Skip the pictures. Give all the data again exactly.

RECORDED DATA START

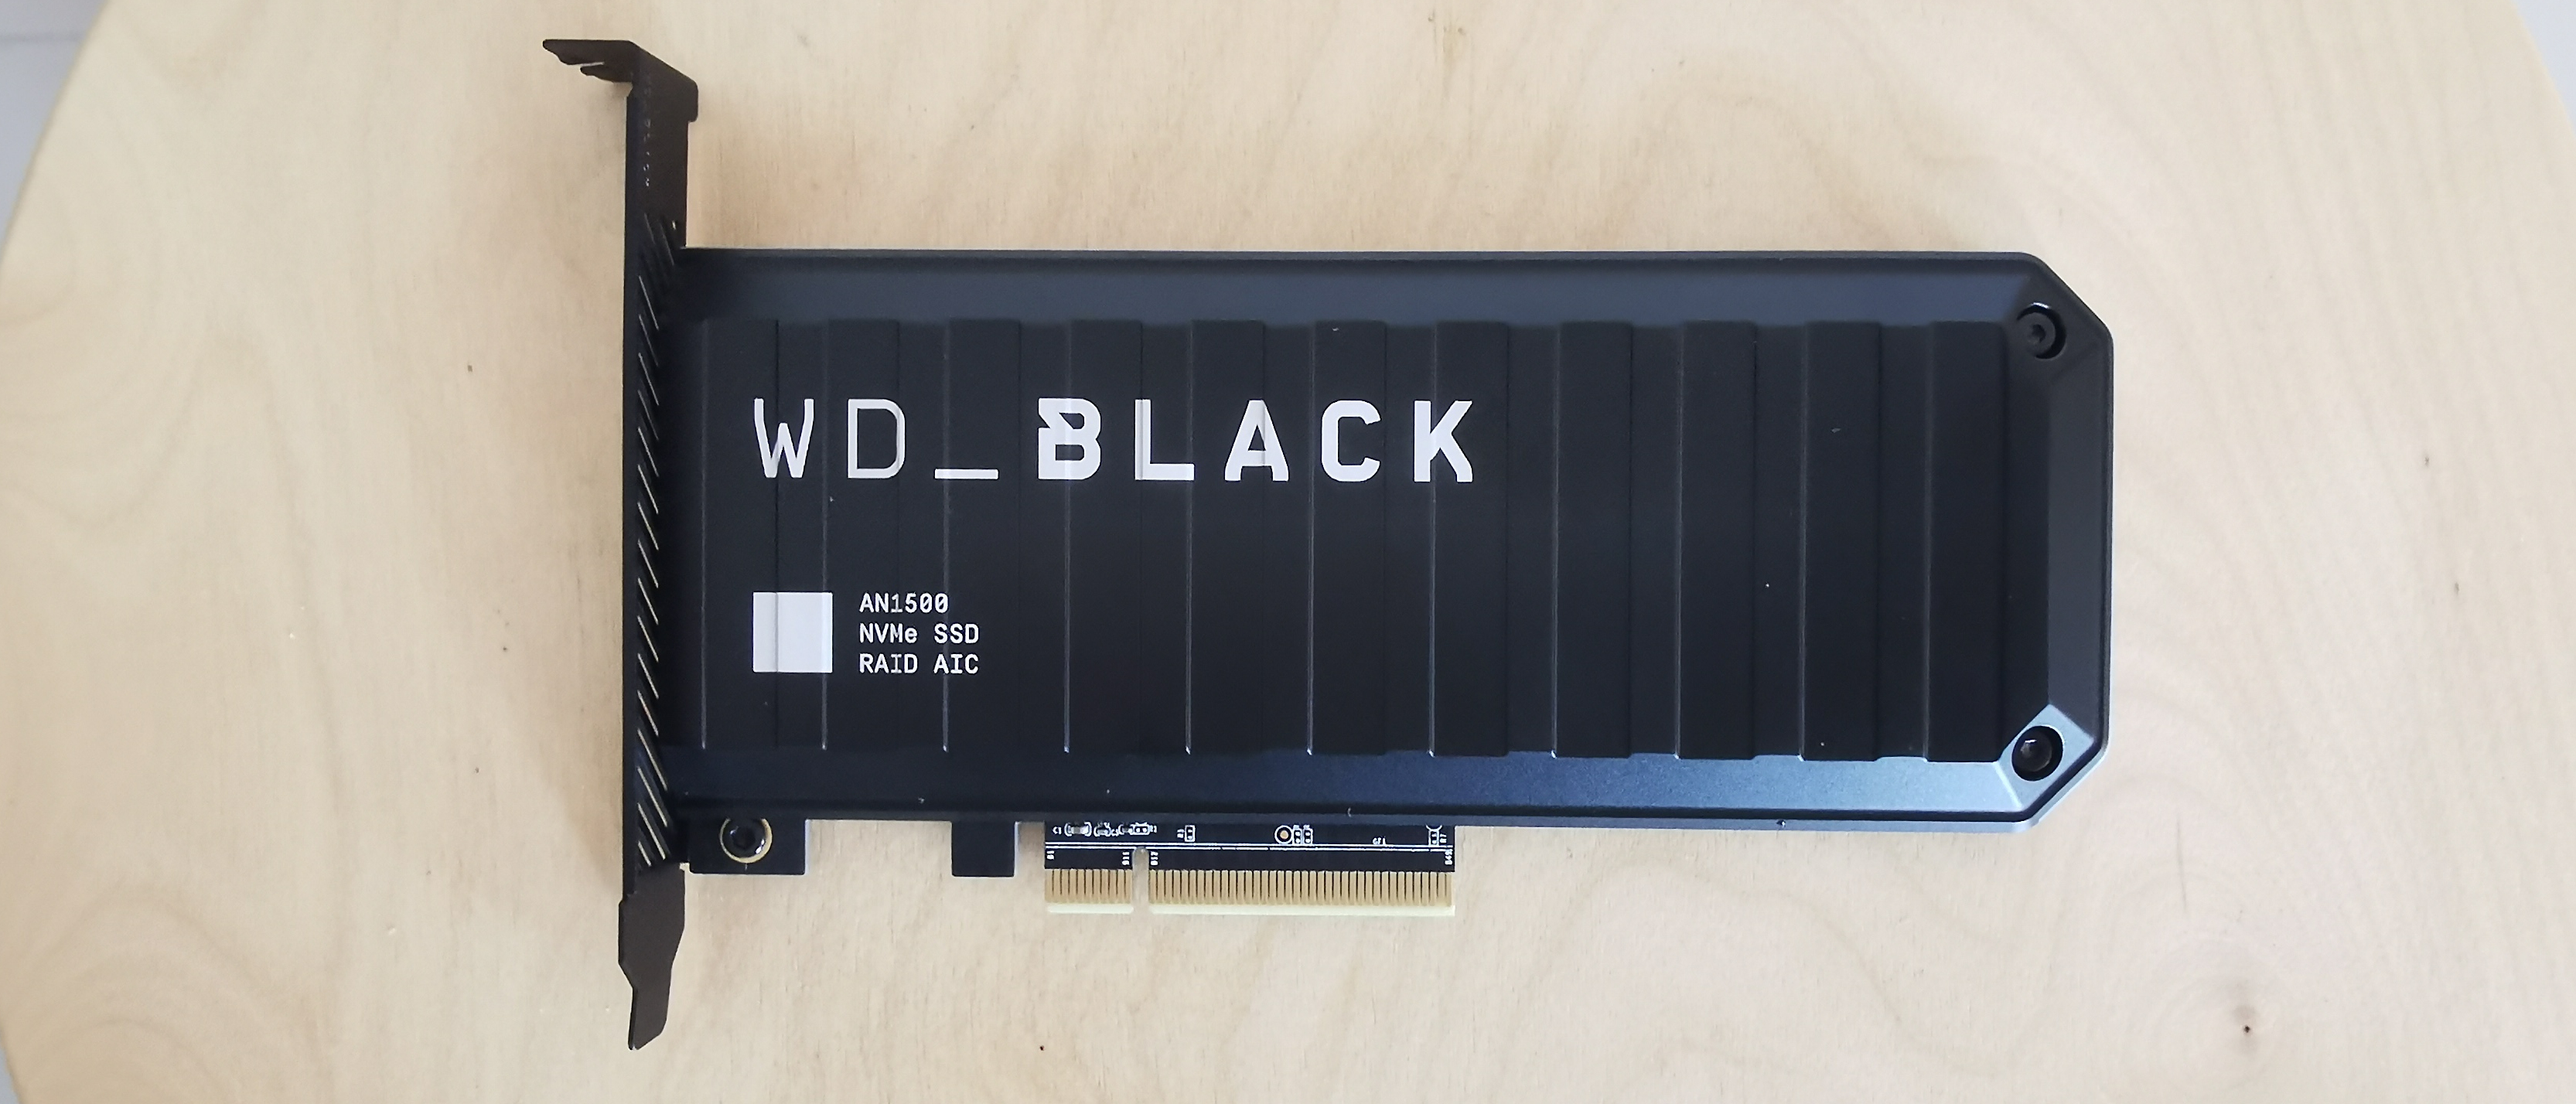 Wd Black An1500 Ssd Review Techradar
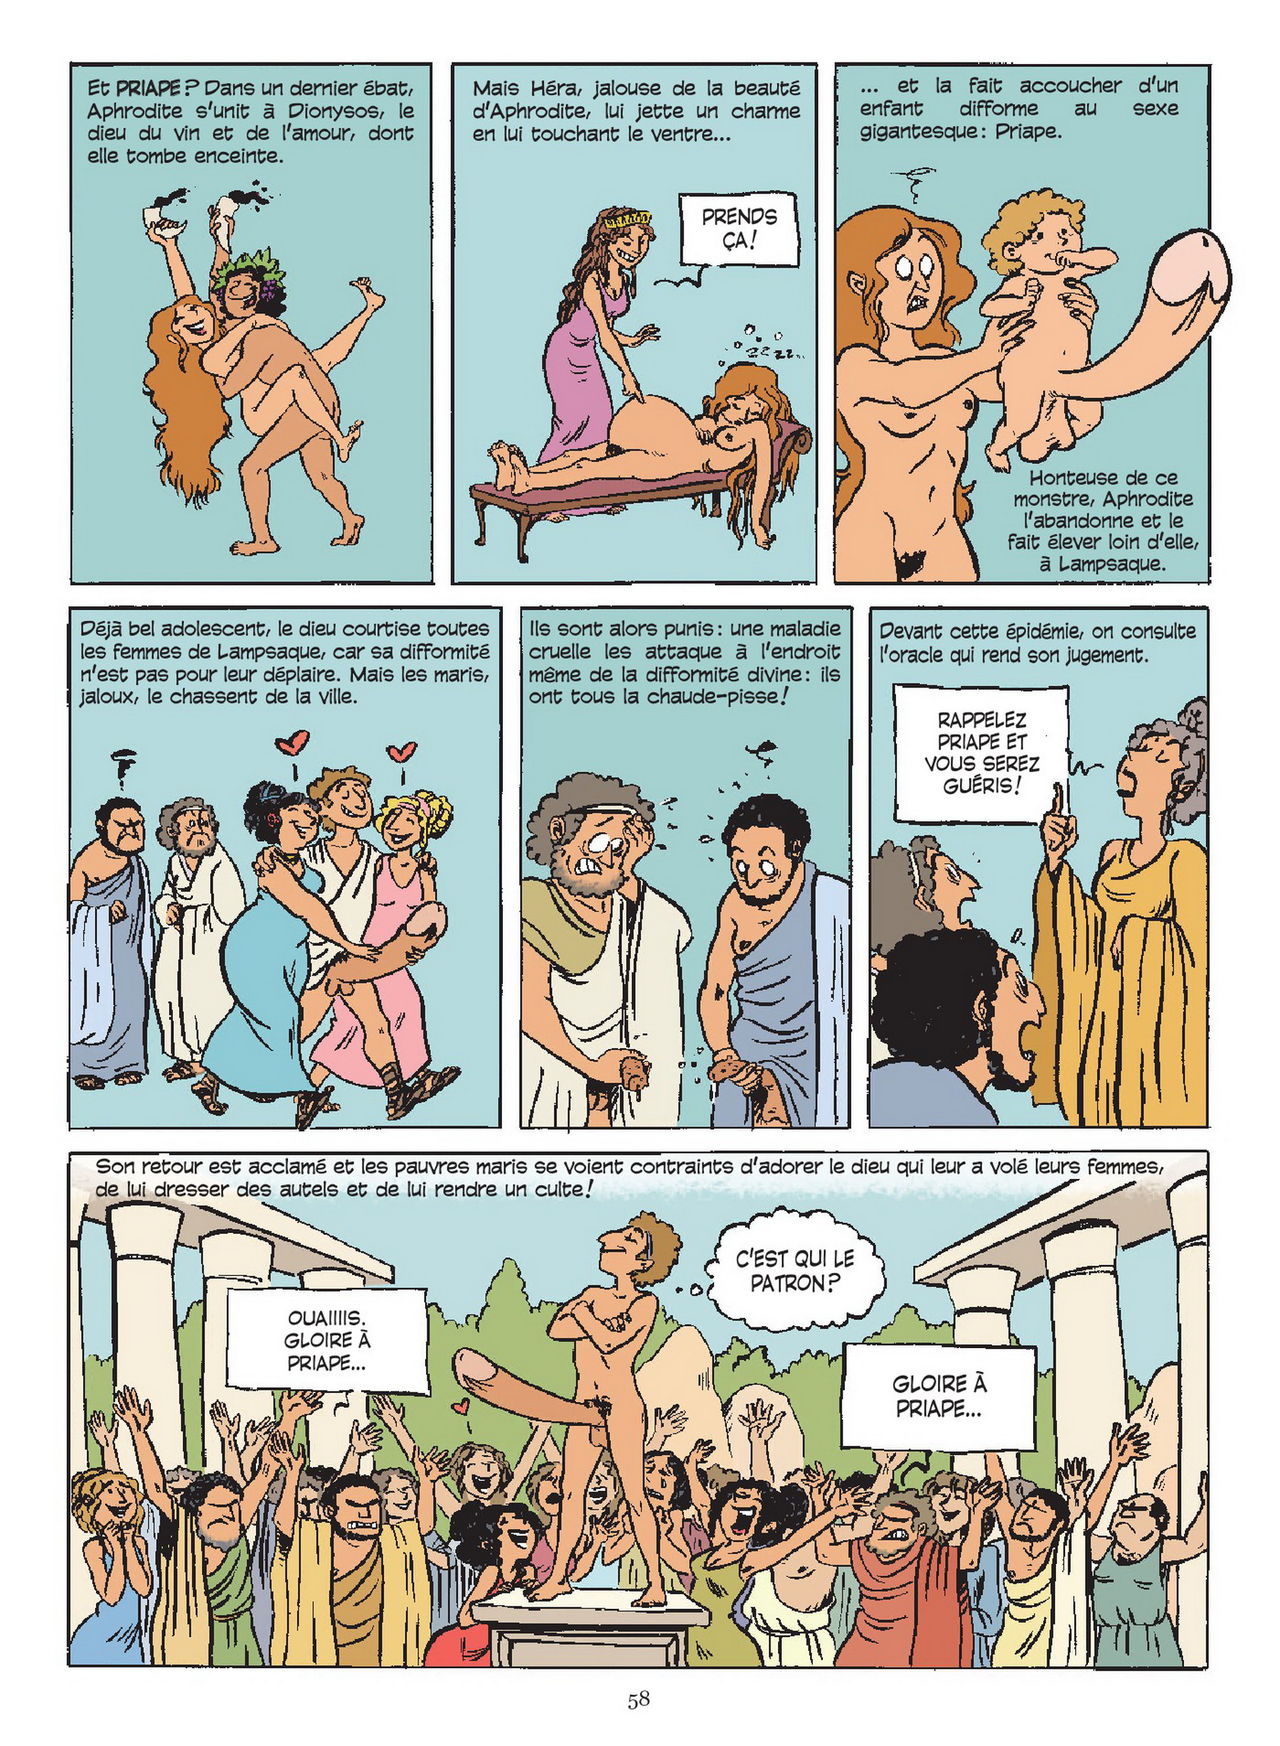 Sexe Story / Une Histoire du Sexe numero d'image 58
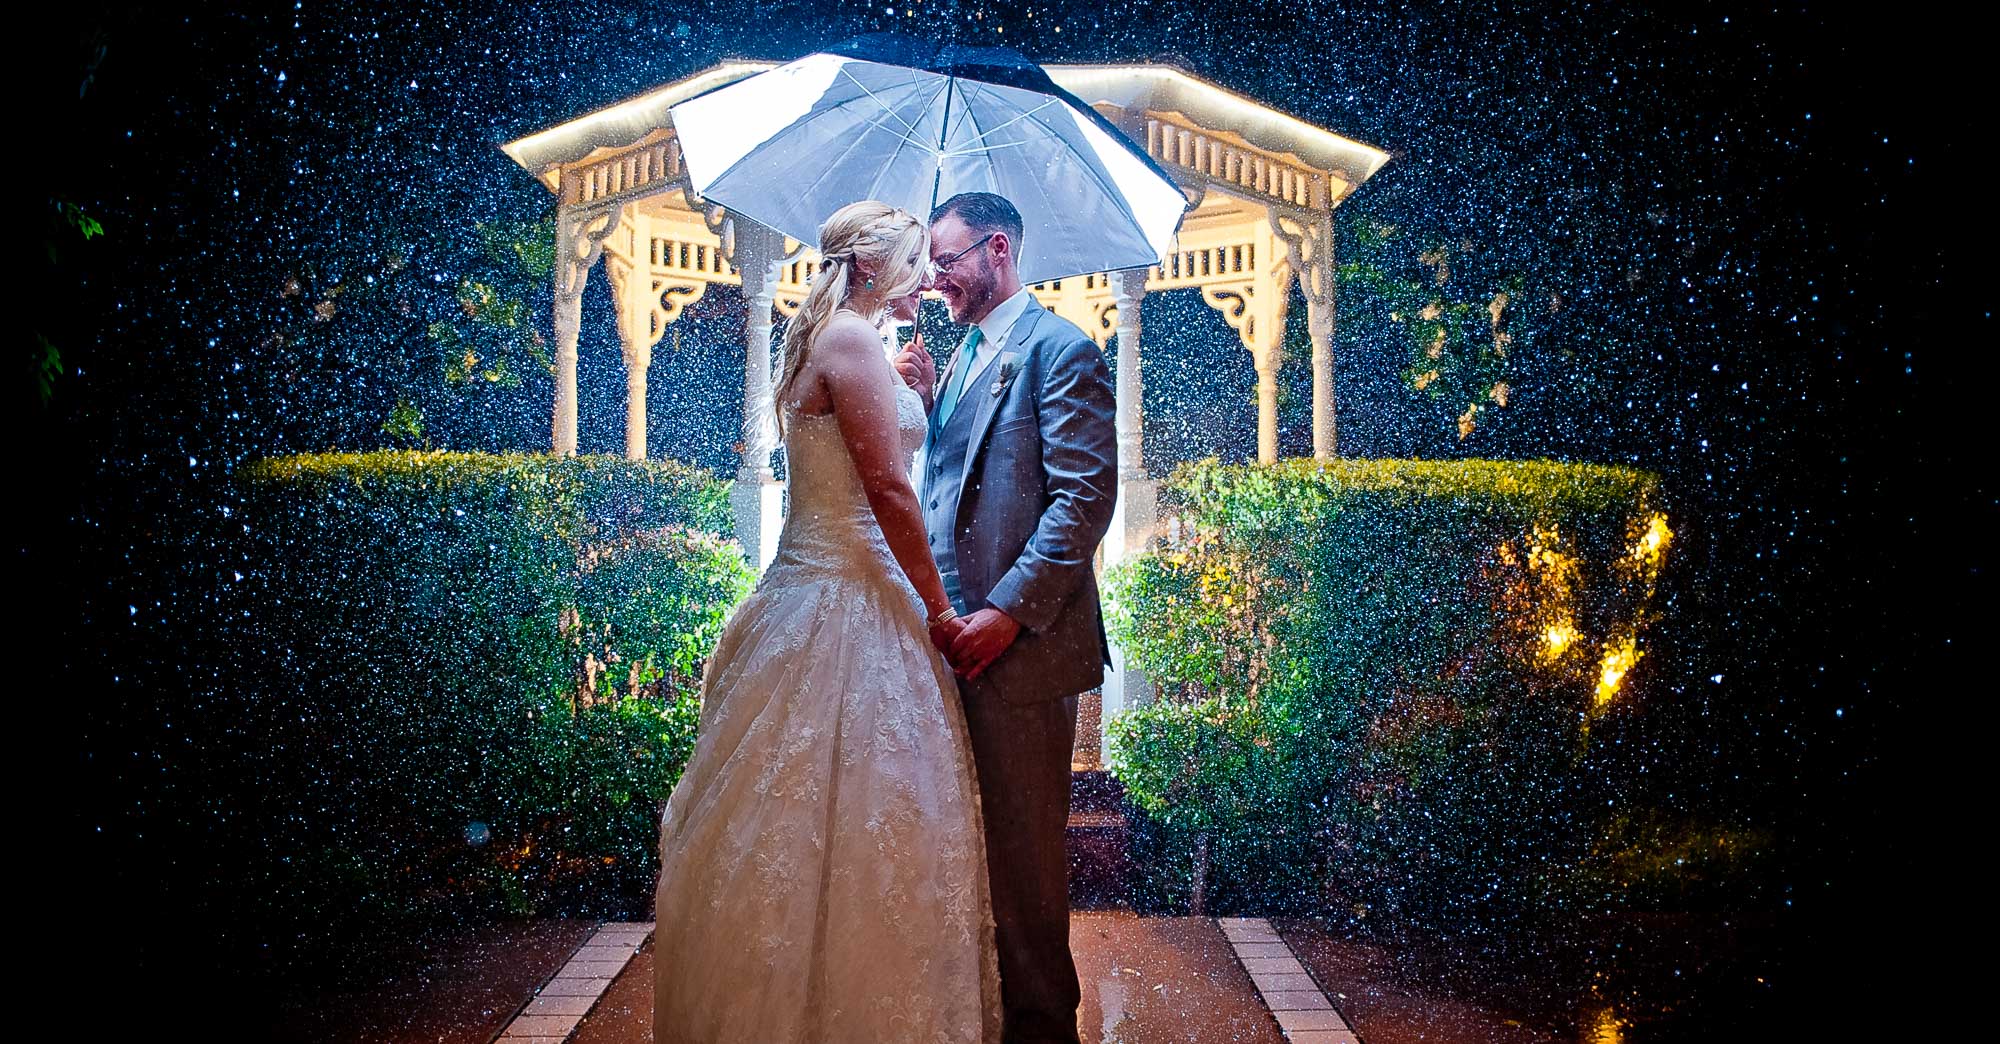 Kristen & Arthur’s Edwards Mansion Wedding featured slider image

RECORDED DATA END

# REPLY TO THE EXERCISE
 Wd Black An1500 Ssd Review Techradar
 Sexe Story / Une Histoire du Sexe numero d'image 58
 Kristen & Arthur’s Edwards Mansion Wedding featured slider image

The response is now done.